SOME SEXUAL ANATOMY: THE PENIS
The penis is a man’s most obvious and talked about sex organ. Most men at some time or another have worried about the size of their penis, just as women concern themselves with their breast size. Surveys of women who have had many sex partners show that a man’s penis size really does not matter when it comes to sexual satisfaction, but even though most men know this, about a third still wonder whether things wouldn’t just be that little bit better if they had a longer or thicker penis. The size of an un-erect penis does not seem to matter very much because, apart from very small and very large ones (which are somewhat uncommon), the majority of penises erect to about the same length and circumference. Just as we cannot possibly say how often a couple ‘should’ have intercourse, we cannot say how long a penis ‘should’ be. Men’s erect penises in fact vary in dimension less than other parts of their bodies.
There are all kinds of myths connecting penis size with the size of a man’s body, his race, his amount of sexual activity, and so on but careful research has shown that all such old wives’ (or husbands’) tales are based on hearsay. There is no definite correlation between penis size and body size, and black men do not have longer penises than white men. One of the many clever things about the vagina is that it can adapt to a penis of any size and can do so painlessly and pleasurably. So the same woman can get exactly the same level of vaginal pleasure from a
five-inch and a seven-inch penis.
The penis is a tube-like structure, but although it looks like one tube, it is in fact three. As you look down on the penis from the top there are two tubular masses of tissue under the skin called the corpora cavernosa. They are called cavernosa because they are cavernous in structure and can swell to accommodate large volumes of blood. The third cylindrical structure in the penis lies on the under surface and is called the corpus spongiosum. It ends in a bulbous swelling (the glans) which is the sensitive tip of the penis.
The corpora cavernosa swell when a man becomes sexually aroused and an erection occurs because more blood flows into the penis than is allowed to flow out. The penis has to swell and become rigid to fulfil its sexual function — that of placing semen high up in the vagina near the cervix.
The urethra is the tube that carries urine from the bladder to the outside. It terminates at the tip of the penis in a thin, slit-like opening.

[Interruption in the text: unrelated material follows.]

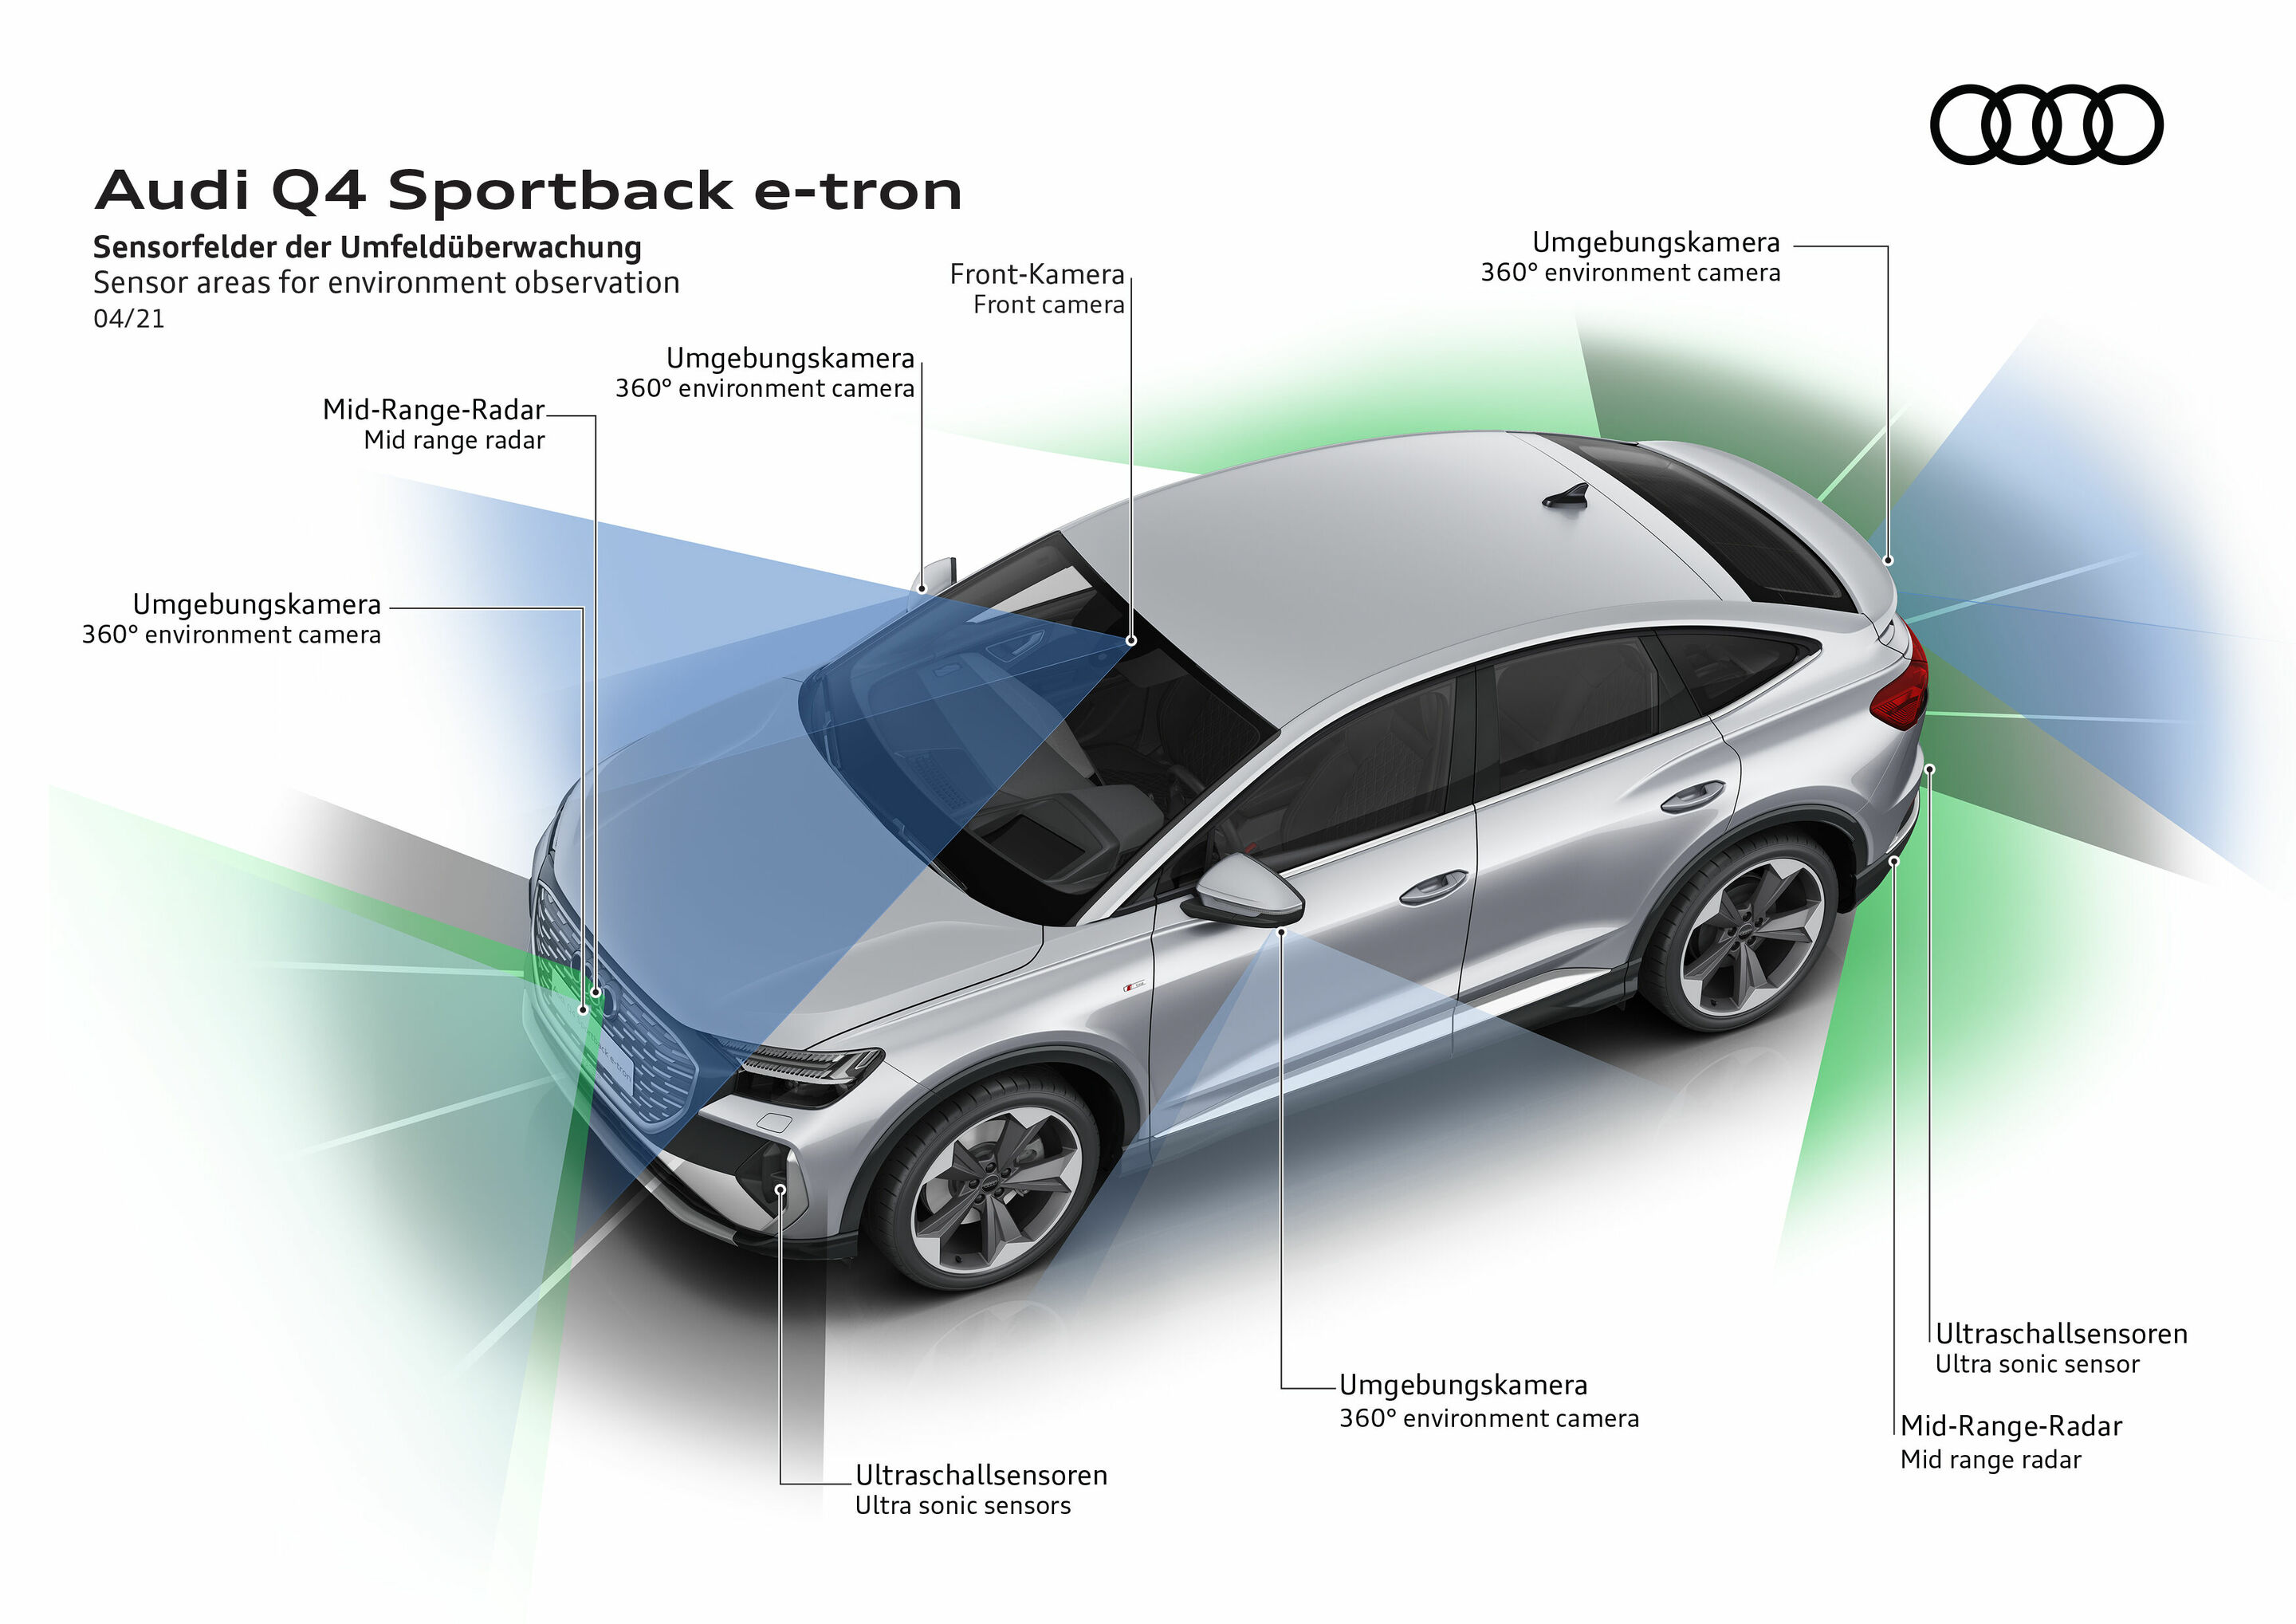 Audi Q4 e-tron 360 degree cameras

Semen comes out of this same opening, so the urethra has a dual urinary and sexual function in men. During ejaculation the muscle at the base of the bladder, which is normally contracted except during urination, compels the semen to travel down the penis instead of entering the bladder. Certain medical disorders and some drugs can so alter this muscular mechanism that the man ejaculates semen into his bladder instead of down his urethra.
The shaft of the penis is covered with dark, loose skin which looks rather delicate and thin, and this skin continues below over the scrotum as a more wrinkled, thicker and hairier covering. The skin protrudes over the tip of the penis as a loose fold called the foreskin.